The Mignonette was into the doldrums now, the region between the south-east and north-east trade winds, where the ocean surface was fretted into clashing cross-seas and troubled by eddying currents, and brief, fitful squalls from every point of the compass were interspersed with long periods of flat calm.

Before morning even the faint breeze had died away. The four men slept on the open deck, out of the stinking heat below decks. The sails hung limp and heavy around the mast and the lassitude extended to the crew. Stephens leaned against the helm with a vacant look on his face, Richard picked a few desultory strands of oakum and Brooks made slow work of patching a sail. Only Tom still moved with restless energy, pacing the deck, tugging at the rigging, testing the shrouds and stays and scanning the horizon around them.

In mid-afternoon, an hour before the first dog-watch, a lazy breeze got up and a cloud appeared to westward, spreading and darkening as it sped towards the ship.

‘All hands, turn to,’ Tom called.

They pitched the oakum and mending kit down the companionway and closed the slide over it. They had only moments to shut the hatches, douse the sails and lash all solid before the squall was on them, roughening the surface of the sea and filling the remaining canvas with a wind so warm it brought no relief from the heat.

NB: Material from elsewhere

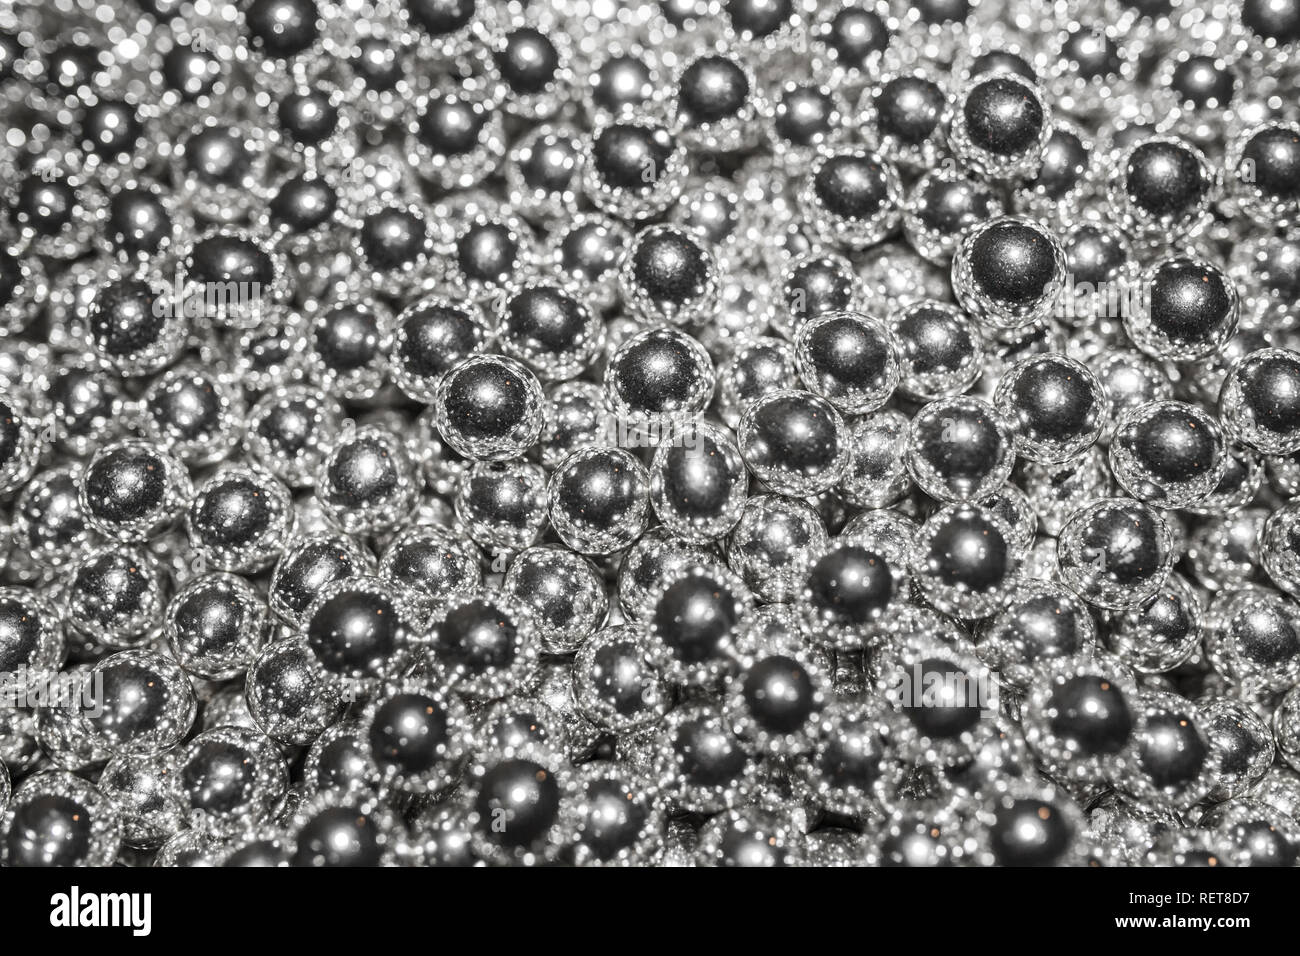 Sprinkles silver ball, cake decorations candy texture Stock Photo

All the men stripped off their clothes, their torsos white against their sunburned, sea-blacked arms and faces. The fat drops of tropical rain felt warm on their skin and rinsed the salt from their bodies.

Almost before the squall was past, Tom called, ‘Loose the sails,’ striving to squeeze every ounce of momentum from it to drag the yacht on its slow way southwards, out of the doldrums and into the region of the trade winds; but almost at once the wind died away. The rain-soaked planking began to steam as the heat drew the moisture from it and within a few minutes it was as if the squall had never been.